A couple of solid rainstorms over the next 10 days would assure that, said Cross, who was eagerly awaiting just such a dousing on Wednesday afternoon. Plenty of snow is still piled in the woods and the constant melting would add to the river’s level, he said.

And if the present water level holds until March 26?

“There would be some casualties … with boats, I’ll put it that way,” Cross said, quickly clarifying his answer. “It is fun. There’s a lot of good-sized waves and great whitewater for anybody that wants to be challenged by the river.”

And while the MaCKRO series draws a lot of serious paddlers who are vying for championships in their respective divisions, Cross said the rivers themselves often provide the toughest competition for those who are looking to test themselves in an outdoors setting.

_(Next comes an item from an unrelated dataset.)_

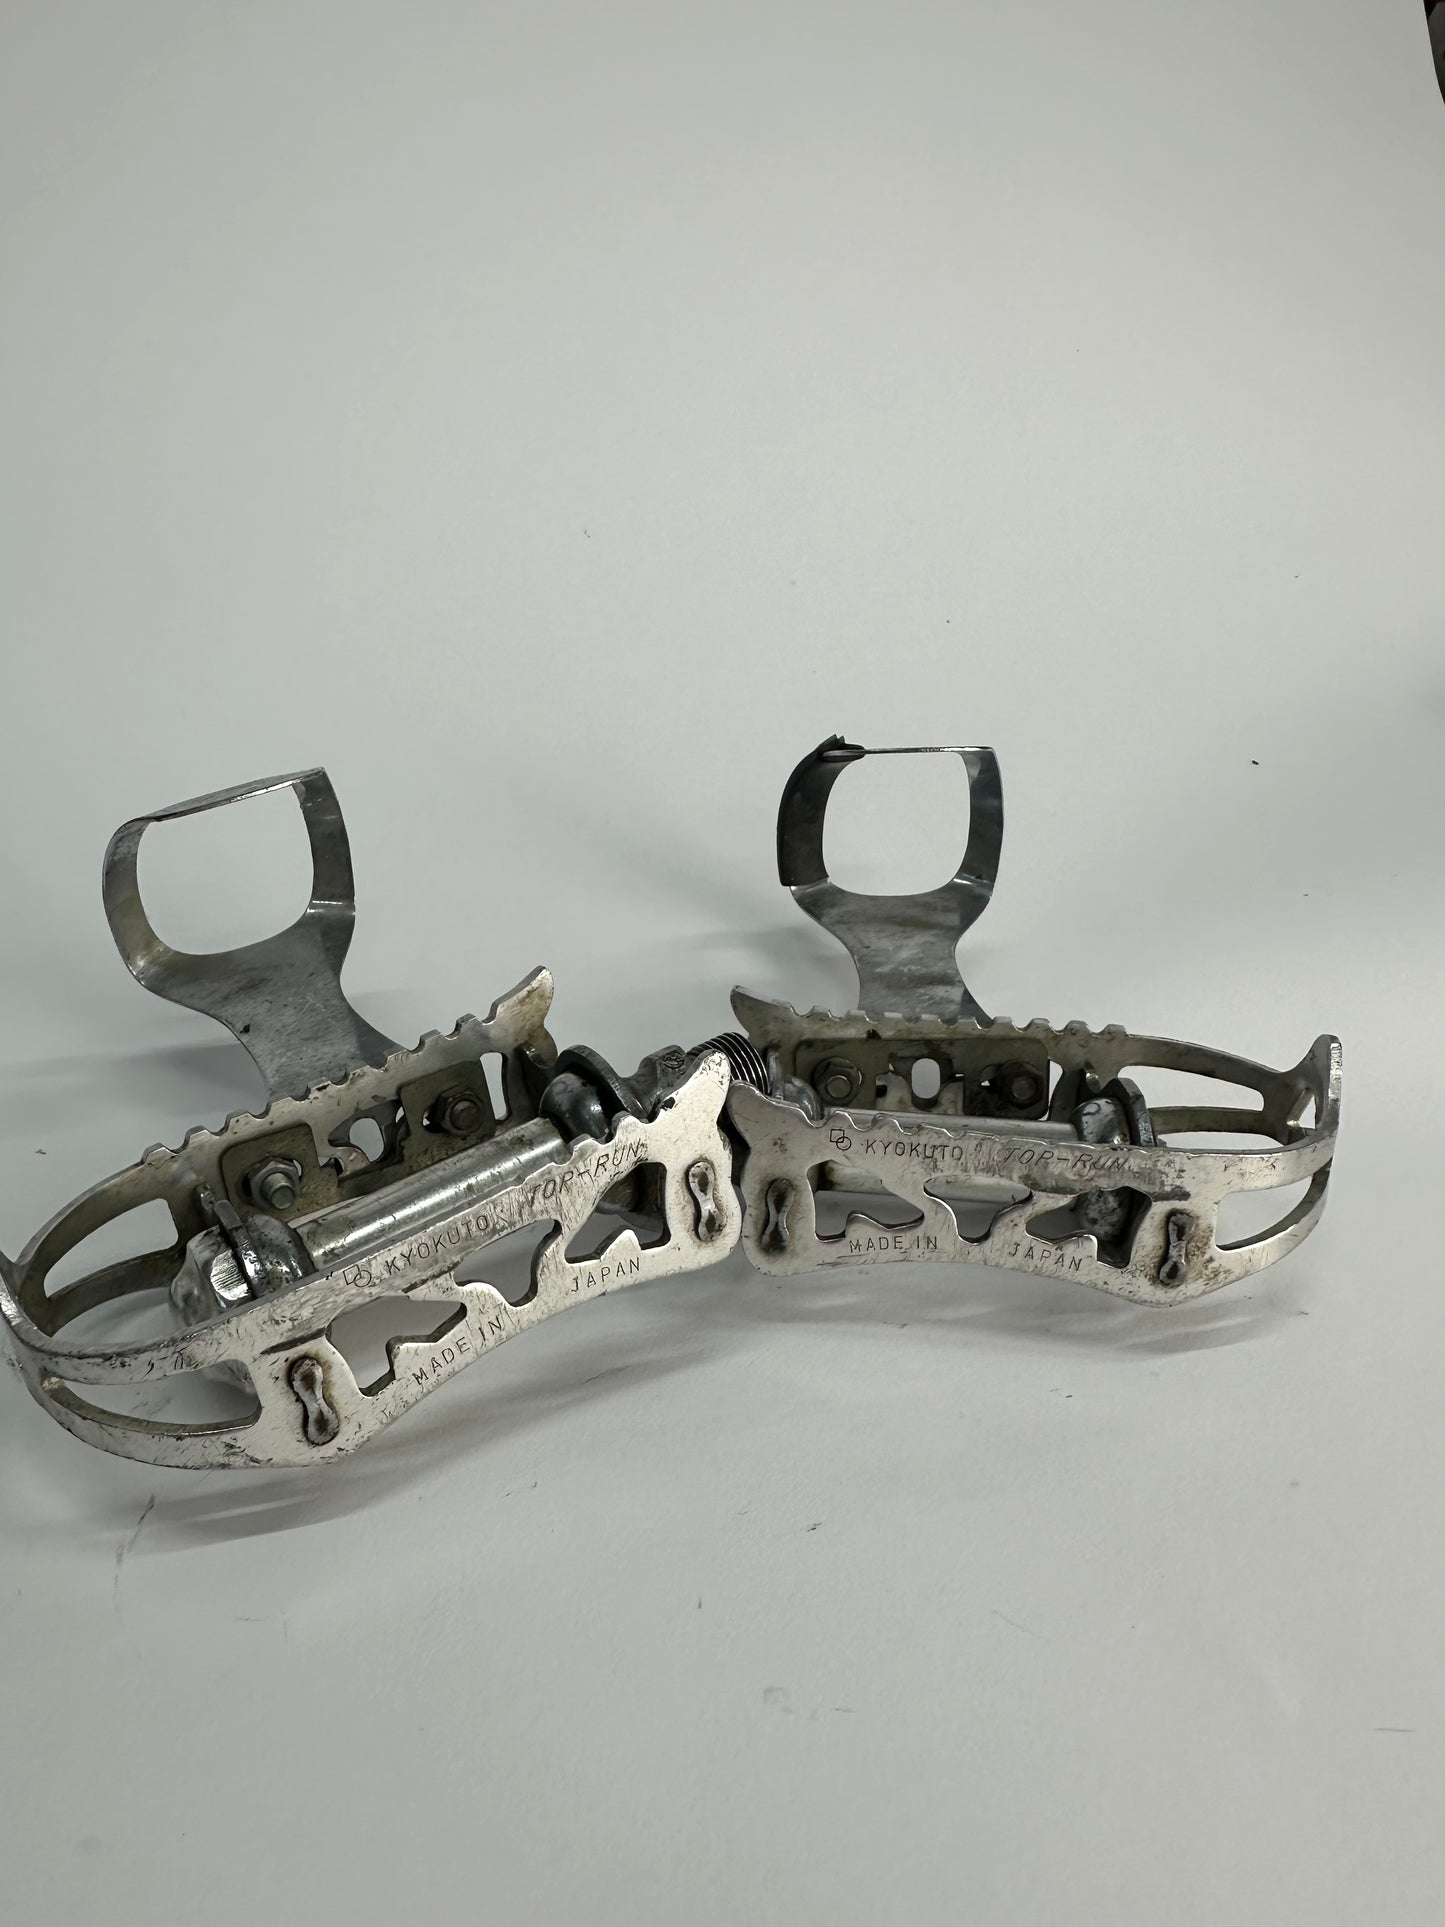 Kyokuto Top-Run pedals with half toe clips

“Three-quarters of the folks that actually go to the race aren’t racing against each other. They’re sort of racing to get down through the river and do it without flipping and stuff like that,” Cross said. “And the challenge is definitely there for this year. Hopefully it stays up.”

MaCKRO is once again putting added emphasis on growing its sport and has continued its popular High School Canoe Race Challenge for this season. That series consists of five races, starting with the Passagassawakeag River Race, with prizes awarded to top finishers.

While the downriver races all share a common ingredient — whitewater — the conditions vary from race to race. And since it’s spring in Maine, so can the weather.

“[Last year it was] 10 degrees above zero the morning of the race at St. George,” Cross said. “The Passy, it was 65 at the end of the race, sunny, and people were getting sunburns. That’s one week later.”

Cross said area races have seen a surge in popularity in recent years, which could bode well for this season.

“Last year we were two crafts from breaking an all-time attendance record for the Passagassawakeag,” Cross said. “[We had] 127. I am really hoping to break that record this year.”

In addition, Cross said the St. George race drew more than 100 boats, and he’s not entirely sure why. He does have some ideas, however.

“The length of our winter, maybe,” he said. “It’s a rural sign of spring. I think folks are getting that cabin fever [and thinking] ‘Let’s go do something outside; spring is finally here.’ And also, we’ve had some good water and good races over the years.’”

Also contributing: Eastern Maine has turned into a paddling hub, especially during the early competitive season.

“We attract people from all over the state for these races because it’s some pretty good whitewater,” Cross said. “And a lot of people come down from up north because there’s no water available to paddle on right yet.”